Now, I'm not assuming fat people are stupider or lazier or less sexy or of less worth as human beings. However, what they do have in common is that they weigh more. Ignore for a moment the studies that say that weighing more contributes to heart disease, diabetes, cancer and all that. People argue with all of those, and it's true that weighing too little can also strain some body systems. As an engineer and an athlete (more or less) I tend to look at things from a functional viewpoint. If I'm fat, I have more weight to haul around. That's OK if it's tissue that helps do the hauling (i.e. muscle) but not otherwise. More weight per muscle amount means more to haul over distance when you're walking or runing or cycling or rowing, and it means a lot more impact on land. Force on joints is mass times acceleration. Further, it's an impact force, so the time in question is very small - F = m * dv/dt. dv is the change in velocity - when I walk, my leg goes from whatever speed it's moving at to zero in a fraction of a section, so it's a noticeable change in velocity divided by a very small change in time. It's a lot of force on leg and feet joints, is what I'm saying. Also, if you're fat, you are bigger. There's more tissue to keep oxygenated, so your heart and lungs have to do more work for the same level of activity. Therefore, fat people are likely not to be able to do as much stuff, or to have the stuff they do take a bigger toll of their body. This is why I tend to think it's a bad thing that so many people are fat in the US.
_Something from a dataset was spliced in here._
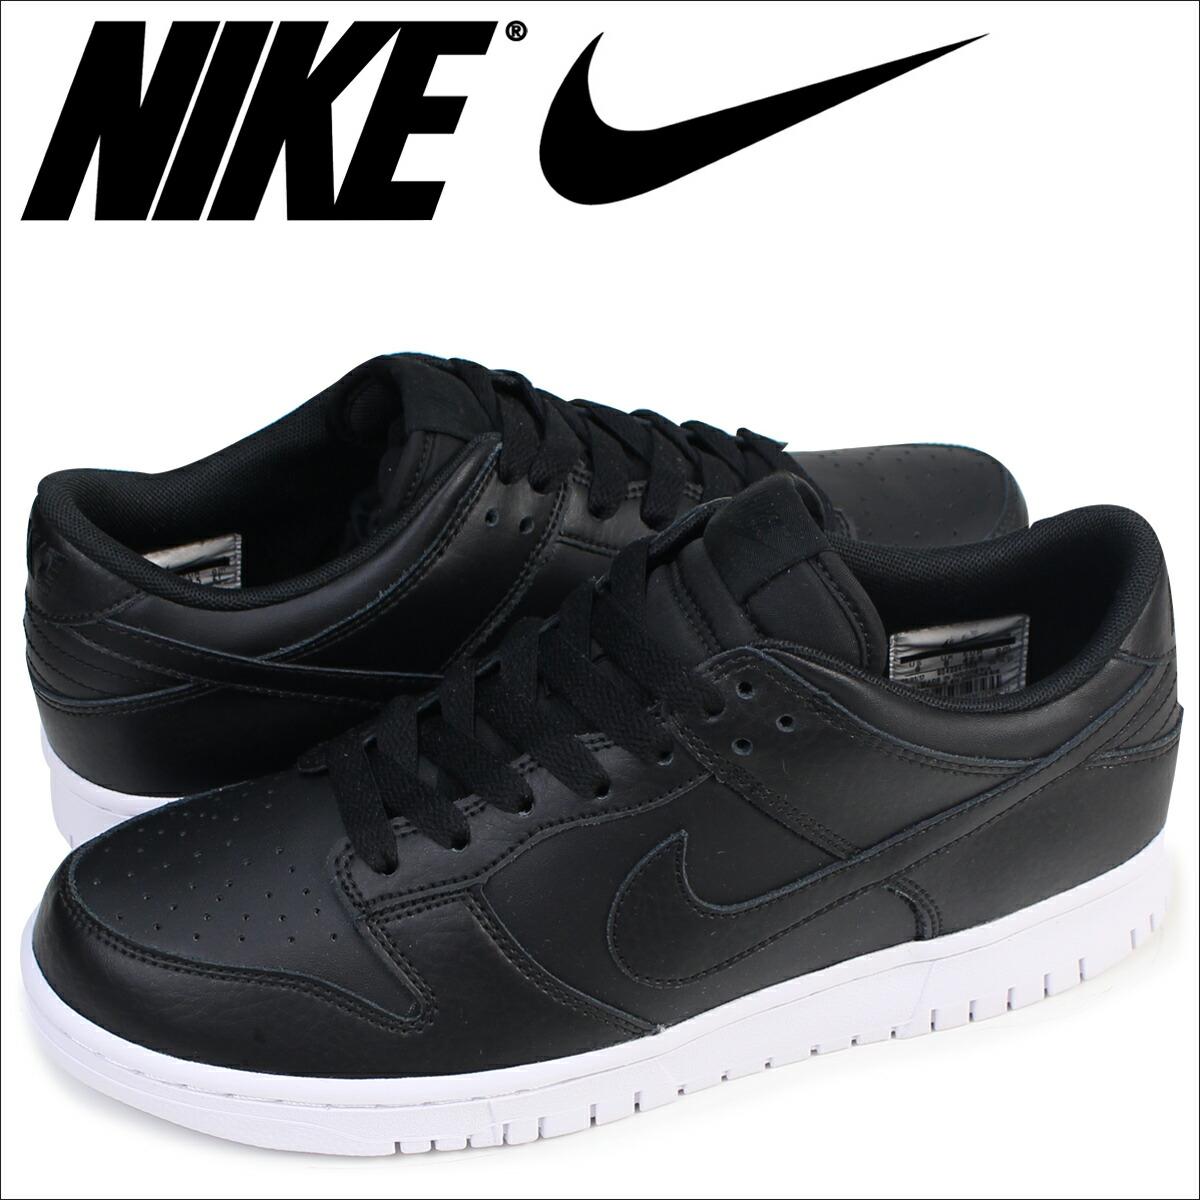 super popular b008e dd071 Nike NIKE dunk low sneakers DUNK LOW men 904,234-003 shoes black [7/1  Shinnyu load]

On the other hand, some fat is needed to provide energy to keep the body running and to provide a little padding on the sharp edges. A little reserve seems to help the immunity system, as well - when my weight was too low (the summer I was a camp counselor, some parts of college) I got sick a lot more. This is why overcompensating with strenuous diet or excessive exercise is also bad.

Finally, that 77% weight percentile I mentioned yesterday is by age and height, so it takes by the droopiness of age and my height into account. If it weren't by height, I would expect to have an even lower percentile just because I'm short. If I thought most other American women worked out, I could figure that many of the ones who are heavier are just more muscular. In fact, it's almost certainly true that some of them are in this category, but from general observations, probably not most.

In my specific case, extra weight gained has to be hauled along in a race. It slows me down. Also, I have flat feet and weak knees, so I don't want to increase the imapct on them. I don't plan ever to be a runner, but I have a lot of sightseeing left to do, and walking is a good way to do it. I want my clothes to continue to fit so I don't have to spend lots of money on new ones. I need to retain enough fat to supply energy for long or strenuous workouts and so I get sick less often. I need to be able to work out a lot both for the feeling that I can do anything I want, physically - lift heavy things ro go on for long distances or run fast when I want to - and also because it seems to help a lot with the IBS. I know my operating parameters, is what I'm saying.